Opinião
Marias
Será o riso das Marias que chegam de barco diferente do riso das Marias que estão cá?
A minha filha está ali ao lado, no seu quarto. Por vezes, ouço-a teclar ou rir ou murmurar partes de músicas que ouve com auscultadores.
Quando ela era criança, ficava a escutar a sua respiração enquanto dormia, pensando que o murmúrio da respiração talvez seja a música mais bela e tocante que possamos escutar.
Contudo, a música do riso não fica muito atrás; não consigo, agora, escutar a sua respiração mas fico atento ao seu ocasional riso; e sempre que o escuto, sorrio.
Contudo, preciso forçar-me a lembrar que isto – escutar o riso de um filho – é uma preciosidade, algo aceite como tão natural que, por vezes, nem reparamos, não o sentimos verdadeiramente, não escutamos a sua música; esquecemos como é precioso.
Acontece que, antes, estive a ver notícias sobre pessoas que fogem dos seus países e arriscam a vida atravessando um mar que, por vezes, as mata; e que depois, quando não morrem no mar, são mais ou menos recebidas como animais.
Vi estas notícias sobre pessoas que chegam à Europa vindas da Síria ou de países africanos ou de países asiáticos e perguntei-me qual seria a quantidade de desespero necessária para forçar alguém a pegar nos seus filhos e colocá-los num barco sobrelotado, avançando em direcção ao desconhecido, ao incerto, ao perigo, a uma esperança de salvação; sem rir, pois imagino que no interior de um barco meio à deriva não haverá muito riso.

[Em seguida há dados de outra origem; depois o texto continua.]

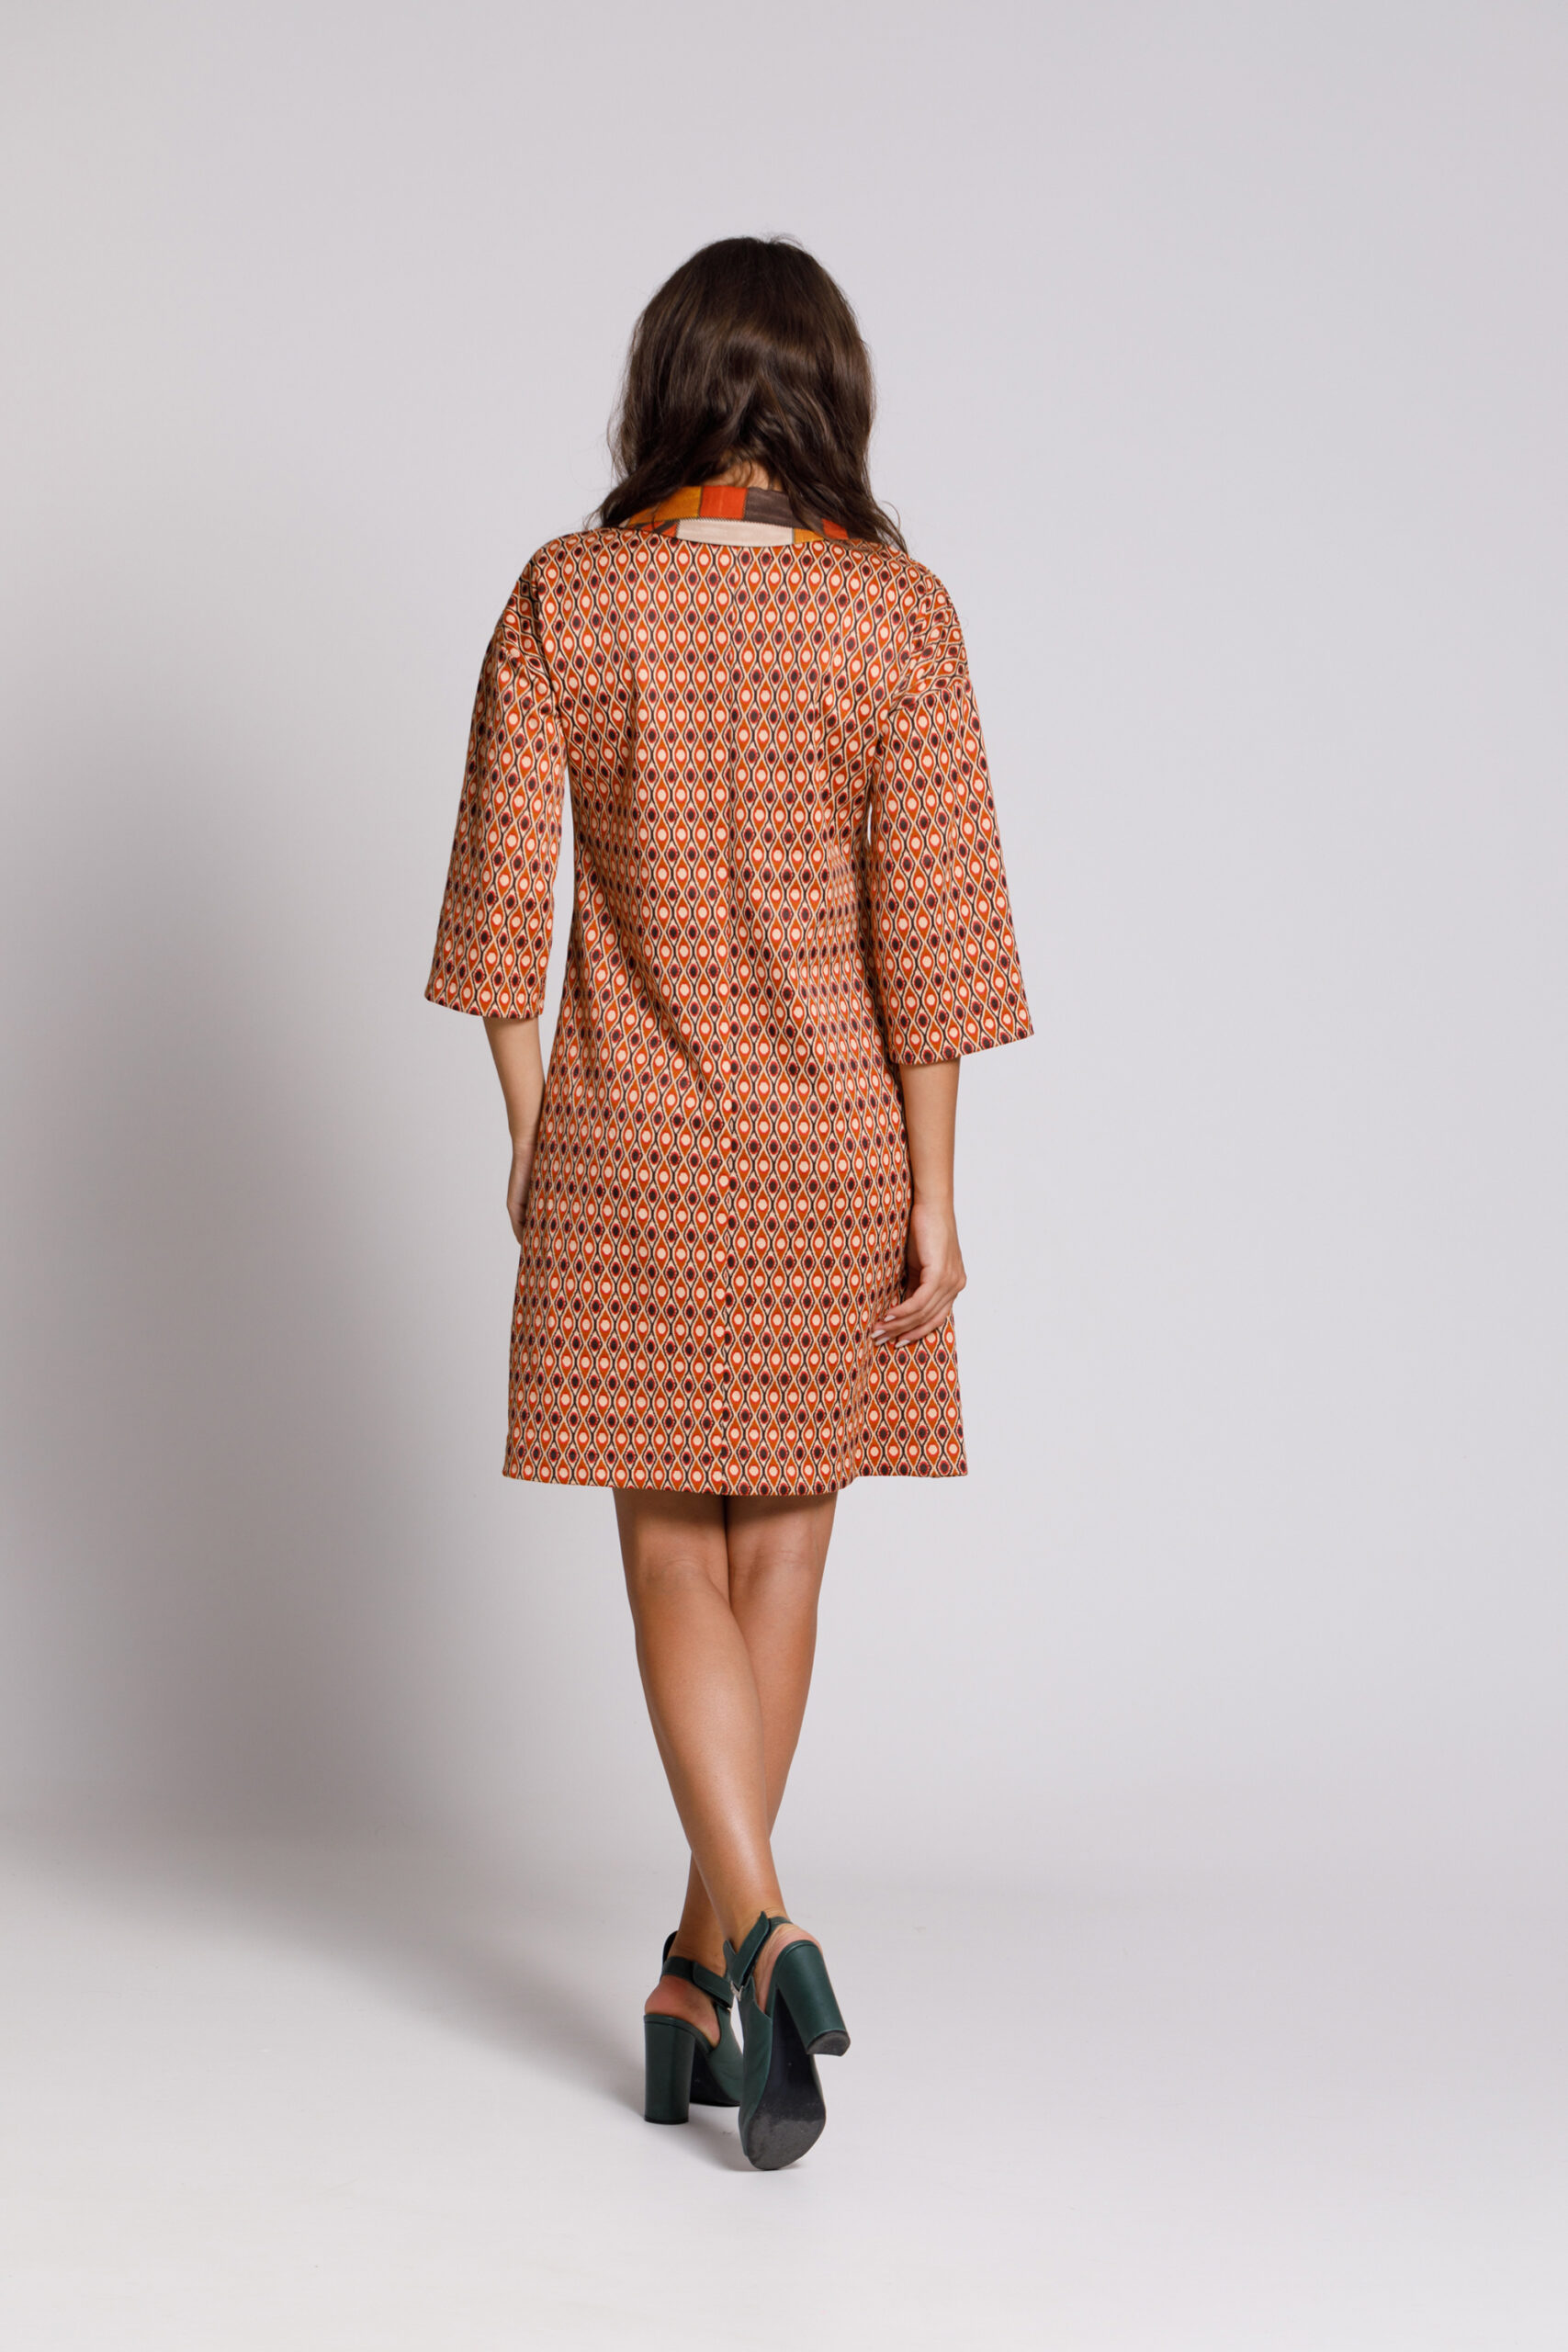 SAVA casual midi dress with geometric print. Natural fabrics, original design, handmade embroidery
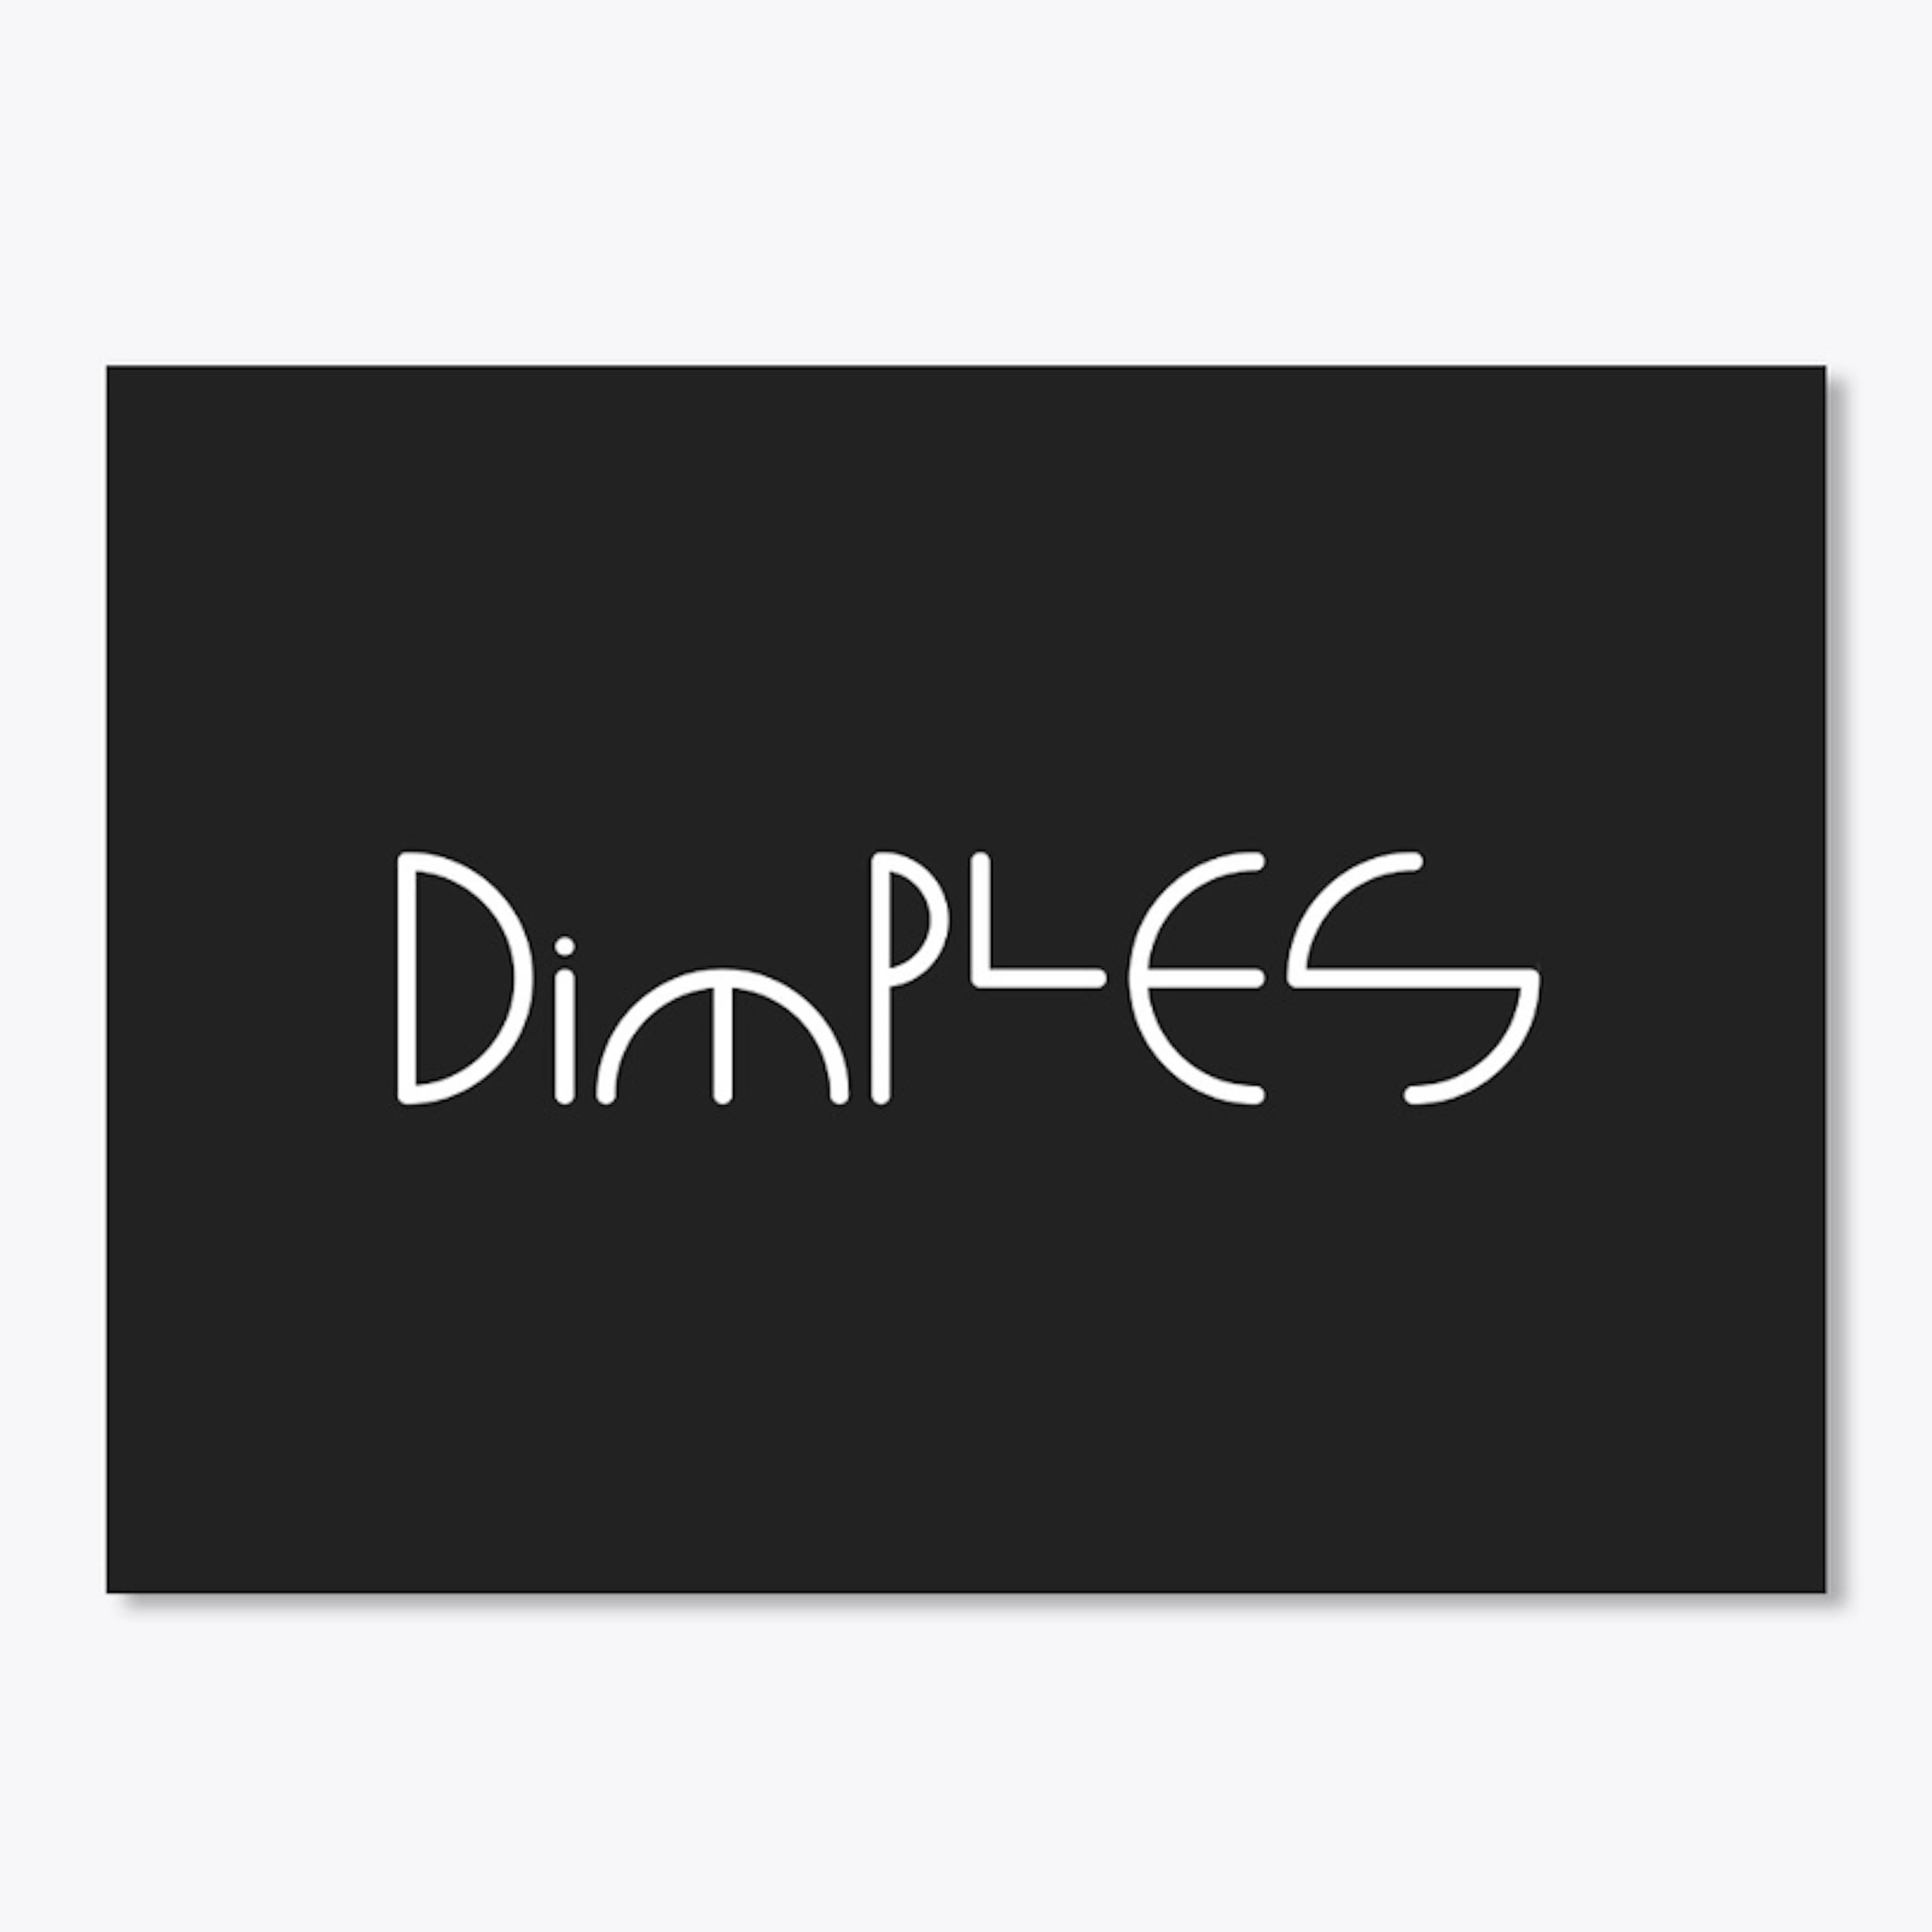 Designer Dimples

Pensei na minha filha e perguntei-me se seria capaz de o fazer; perguntei-me, também, como se dirá Maria, que é o nome dela, em sírio.
Perguntei-me por que motivo não serão as Marias sírias bem recebidas, quando sobrevivem às ondas e chegam a terra europeia.
Perguntei-me por que motivo as transformam em números, em quotas, em gráficos.
Perguntei-me por que motivo não podem estas Marias, que são jovens, viver e sonhar e crescer e rir na Europa, na mesma Europa que se lamenta e angustia por ser um continente de velhos.
Será o riso das Marias que chegam de barco diferente do riso das Marias que estão cá? Afinal, como se ri em sírio?
Pensei em tudo isto por causa da notícia do dia: mais quarenta migrantes encontrados mortos num barco, a sul de Lampedusa.
Lampedusa é uma ilha italiana mas, também, o nome de um escritor que publicou um livro chamado O Leopardo; é deste livro uma frase famosa que toda a gente já leu no facebook: “É preciso que tudo mude, se quisermos que tudo fique como está.”
Que, no fundo, é o que continuará a acontecer: apesar da Europa se entregar a aparências de acção e intenções de mudança, no fundo tudo permanecerá como sempre e as Marias sírias continuarão durante muito tempo sem rir; os seus pais continuarão a colocá-las em barcos, pois quando se perdeu o riso dos filhos já não há muito mais a perder.
Penso nisto e vou escrevendo quando reparo que a minha filha não ri há algum tempo; e vou ver o que se passa.
(Esta crónica foi publicada neste jornal em 20/08/2015. Mudemos “Síria” para “Afeganistão”, mudemos “barco” para “avião”. Tudo o resto se mantém actual. Não é?)